Set down, unchanged, the line holding "RIGARDS Черные пластиковые" and all lines that follow it to the end of the material, leaving pictures out.

# Information provided
------------------------------------------------------------------------
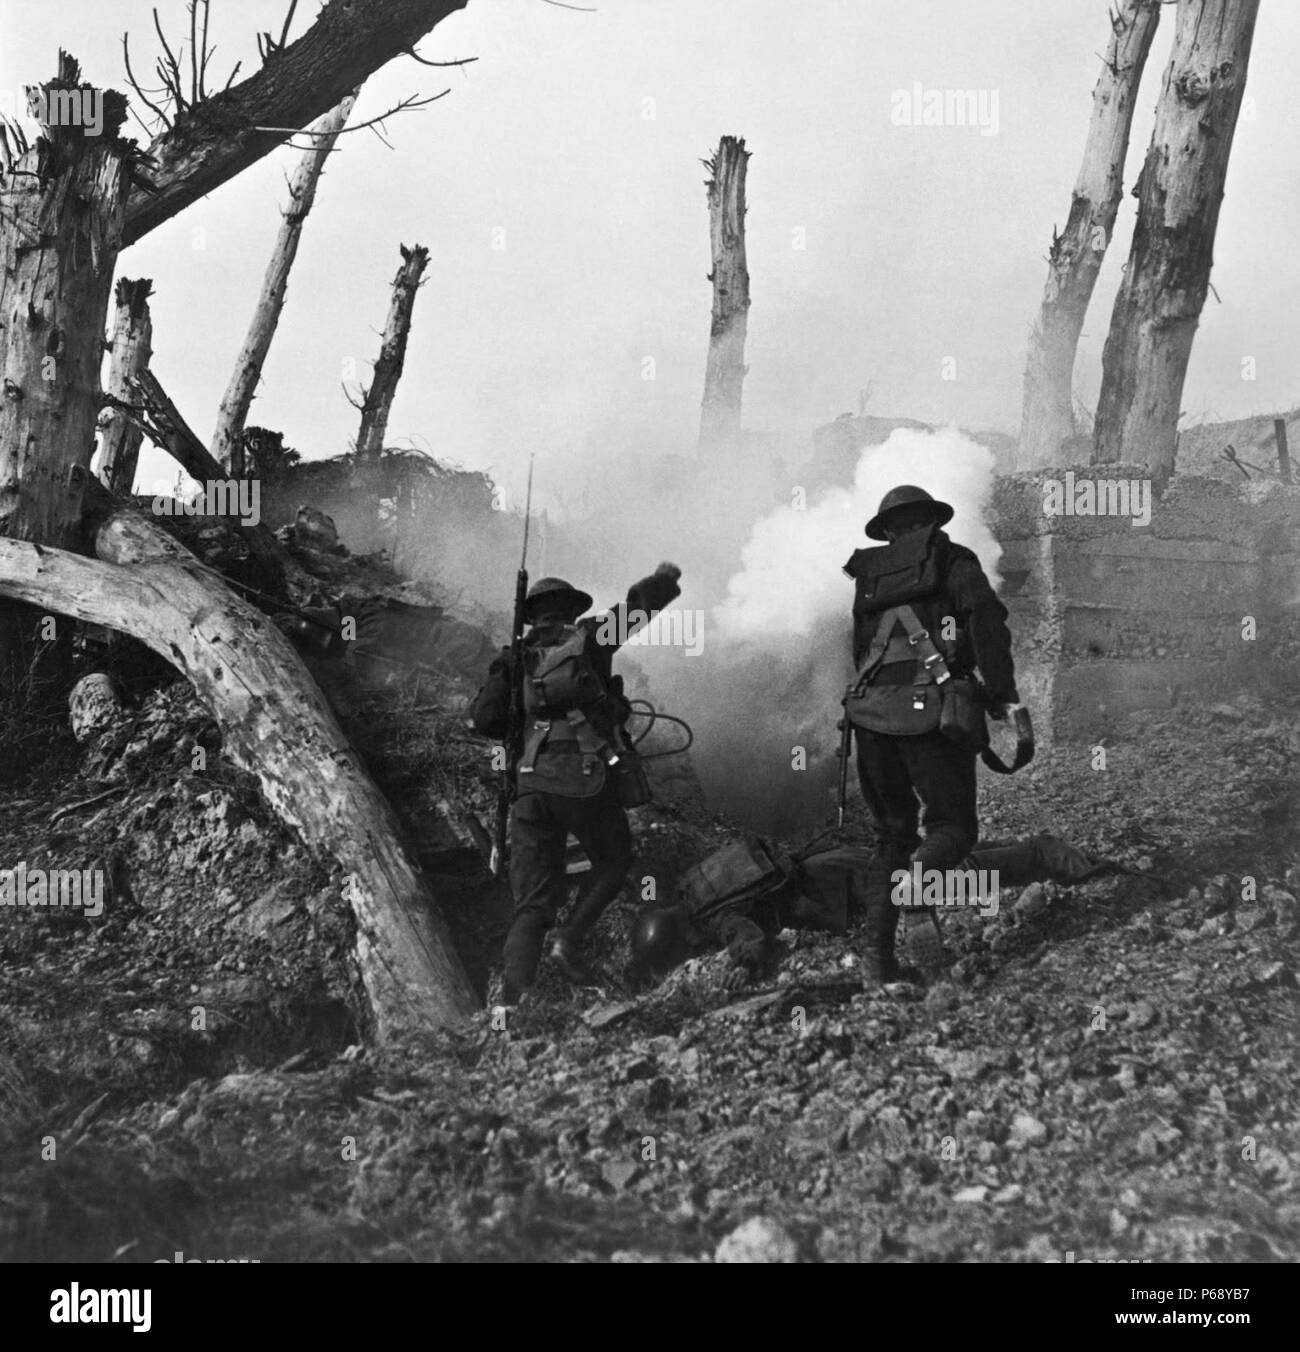 Photographie de soldats américains avançant sur un bunker allemand, au cours de la Première Guerre mondiale. Datée 1918 Banque D'Images
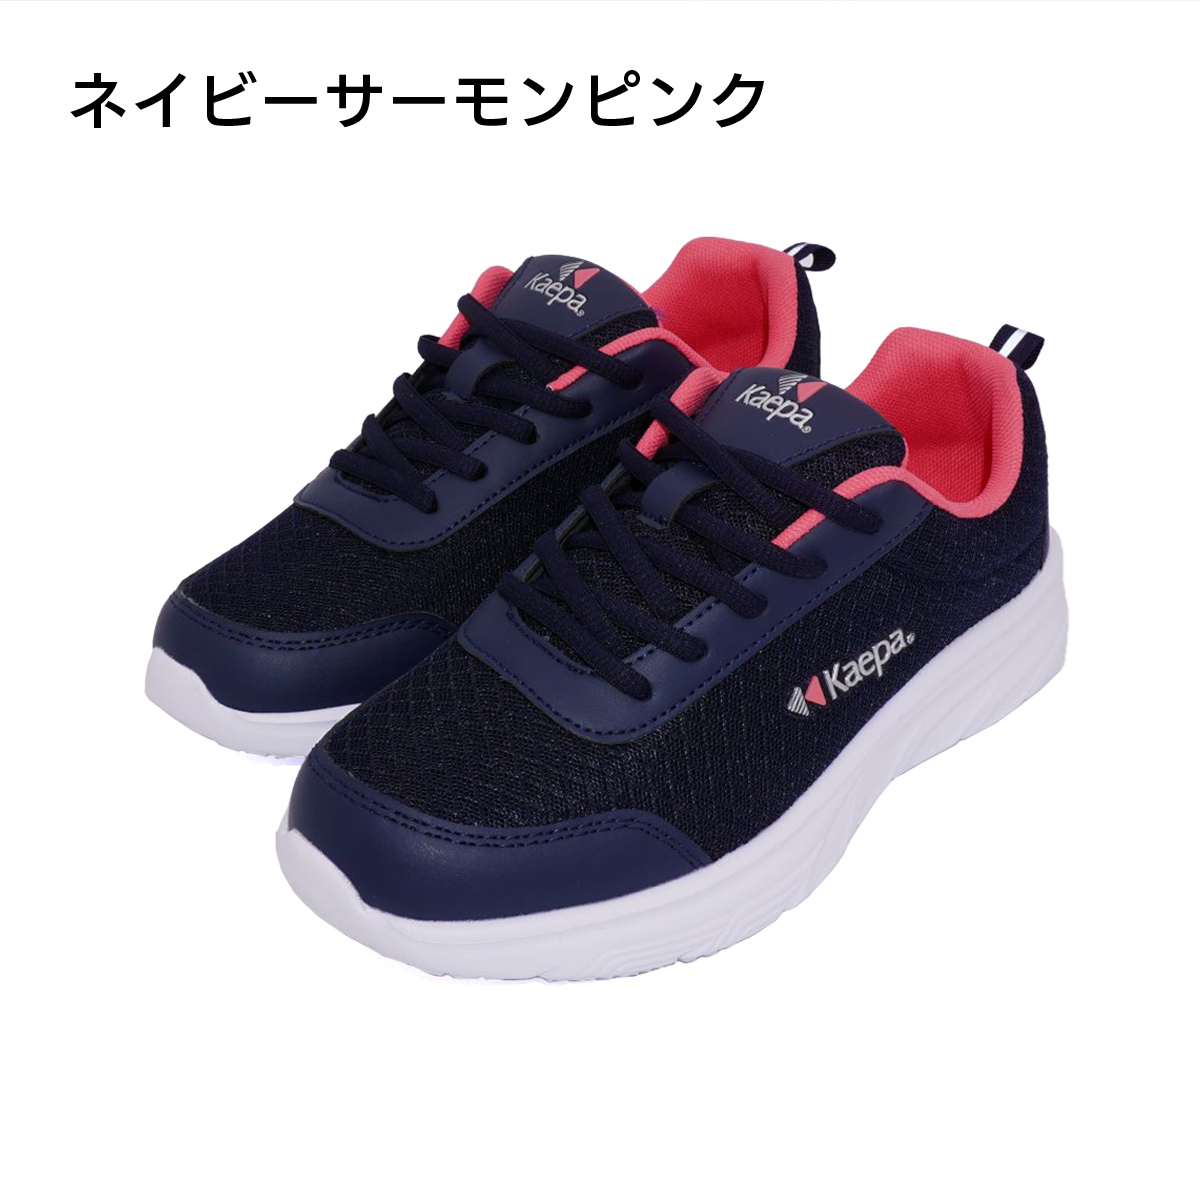 お値下げ kaepa スニーカー 運動靴 sneakers メンズ MENS www
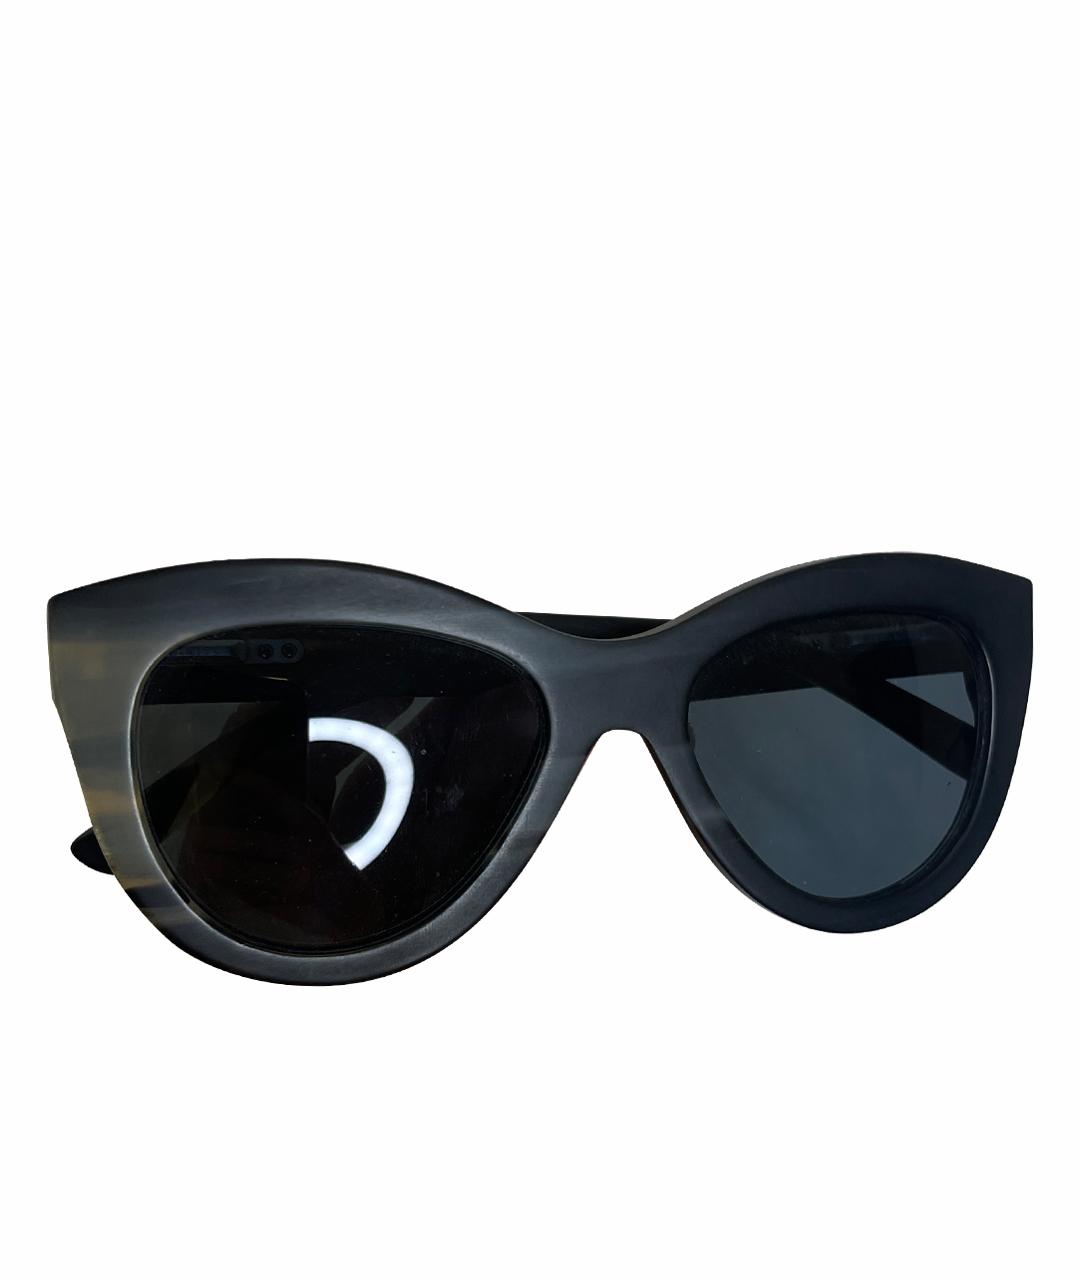 RIGARDS Черные пластиковые солнцезащитные очки, фото 1
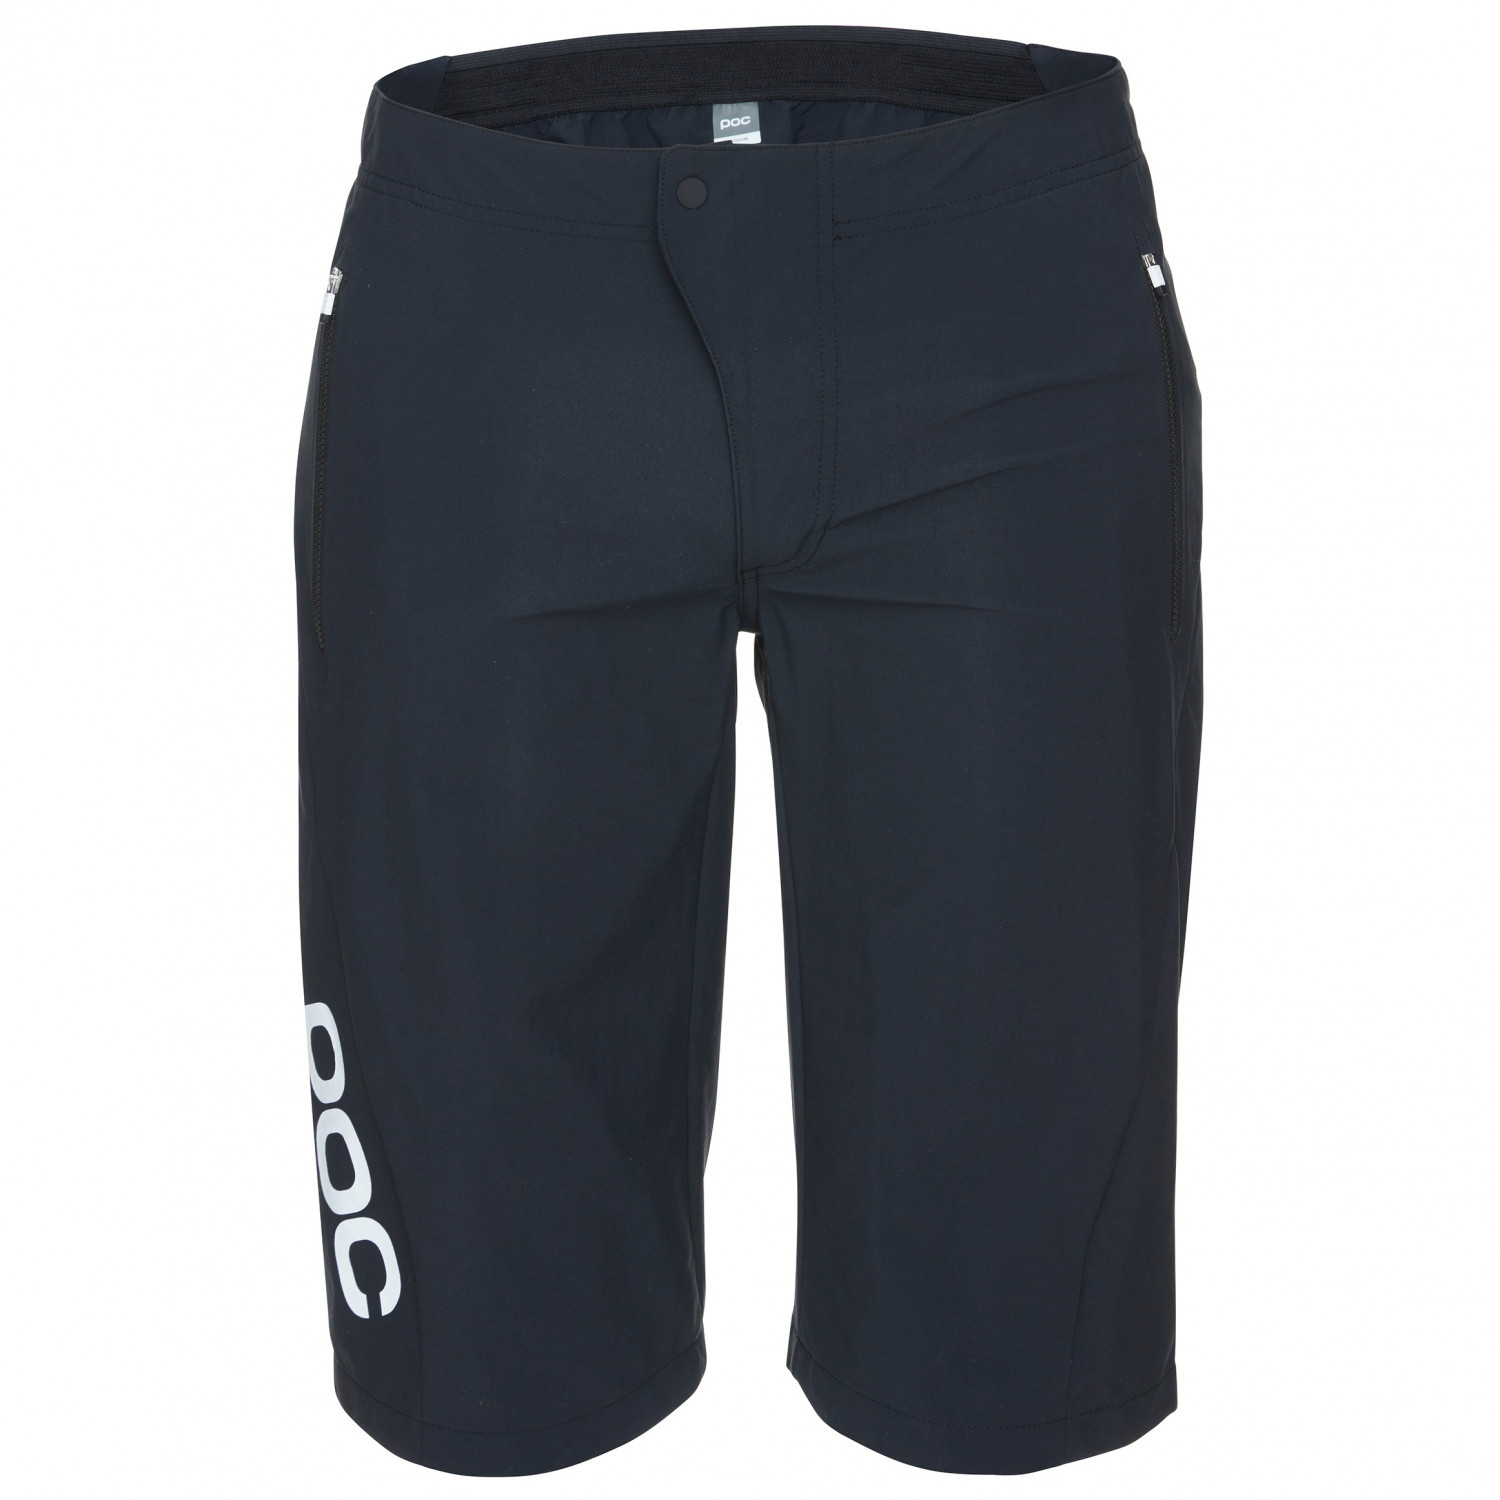 Велосипедные шорты Poc Essential Enduro Shorts, цвет Uranium Black
------------------------------------------------------------------------
# Your response
 RIGARDS Черные пластиковые солнцезащитные очки, фото 1
 Велосипедные шорты Poc Essential Enduro Shorts, цвет Uranium Black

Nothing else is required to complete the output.